Detailed Description
For the purposes of making the objects, technical solutions and advantages of the embodiments of the present application more clear, the technical solutions of the embodiments of the present application will be clearly and completely described below with reference to the drawings in the embodiments of the present application, and it is apparent that the described embodiments are some embodiments of the present application, but not all embodiments. All other embodiments, which can be made by one of ordinary skill in the art without undue burden from the present disclosure, are within the scope of the present disclosure.
As used herein, the singular forms "a", "an", "the" and "the" are intended to include the plural forms as well, unless expressly stated otherwise, as understood by those skilled in the art. It will be further understood that the terms "comprises" and/or "comprising," when used in this specification, specify the presence of stated features, integers, steps, operations, elements, and/or components, but do not preclude the presence or addition of one or more other features, integers, steps, operations, elements, components, and/or groups thereof.

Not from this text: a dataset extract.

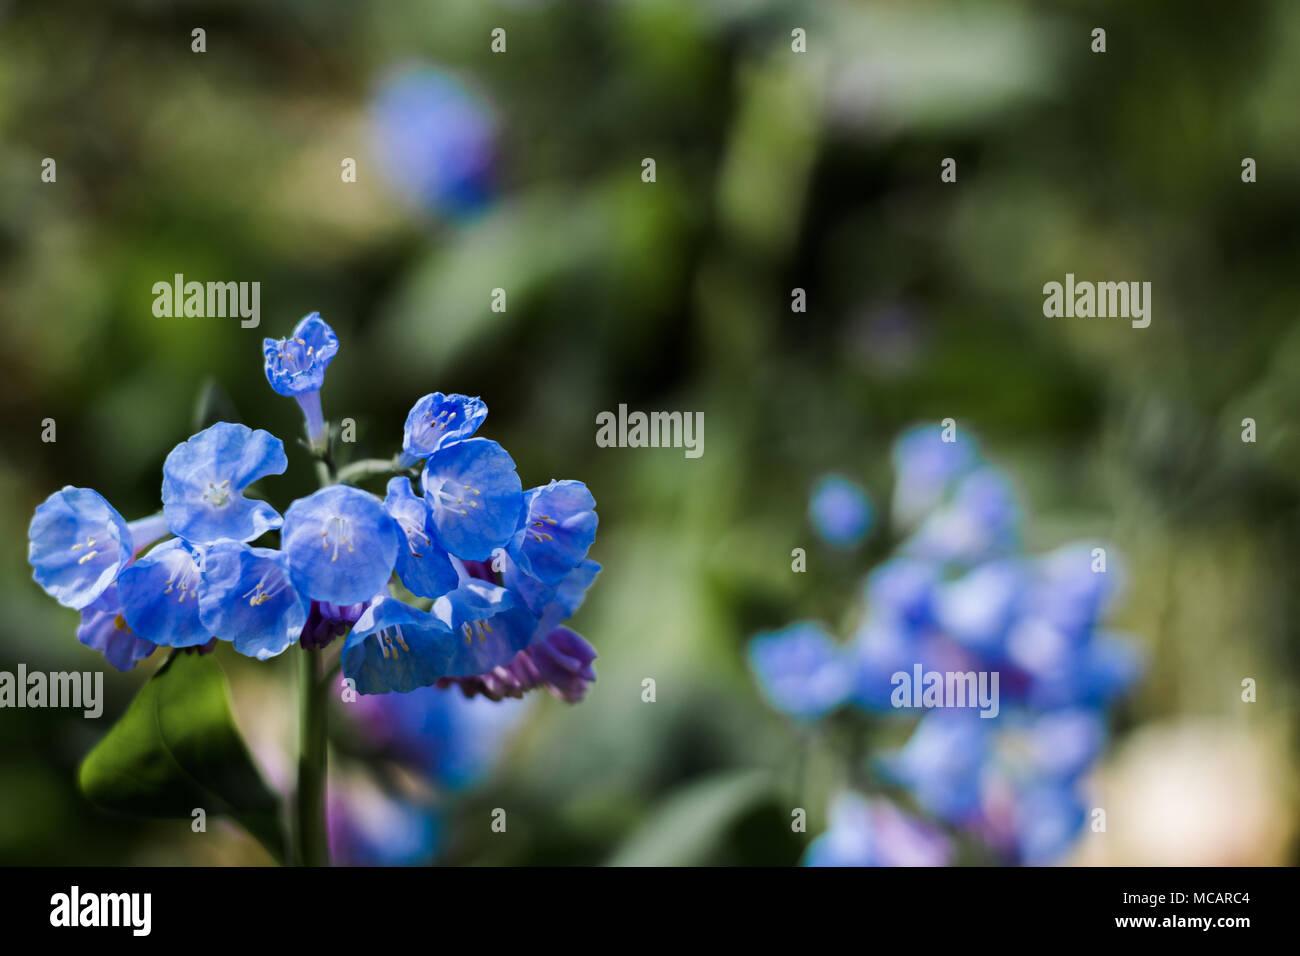 Virginia Bluebells Flowers In Bloom In Early Spring Stock Photo

Conventional fault prediction is mainly based on methods such as supervised classification or prediction, and the edge cloud scene has more complex scenes, more uncontrollable factors and other challenges.
The method mainly has the following technical breakthroughs:
(1) The patent provides an algorithm for supplementing network service quality data based on a Graph Neural Network (GNN), which can fully utilize space-time correlation among nodes to supplement missing parts in all end-to-end service quality data.
(2) On the basis of adopting the graph neural network, the patent also designs a set of self-adaptive residual error structure which is used for overcoming the defect that the change in data is large and the useful characteristics are weakened when the graph neural network is used. The residual structure is adopted to effectively extract high-frequency and valuable features in the original data.
(3) This patent adopts the mode of continuous learning to reduce neural network's calculation cost. The patent proposes a continuous learning-based approach that utilizes inference knowledge learned from existing data to infer unknown parts of quality of service data. In this way, we can reduce the number of iterations of the neural network, thereby reducing the computational complexity.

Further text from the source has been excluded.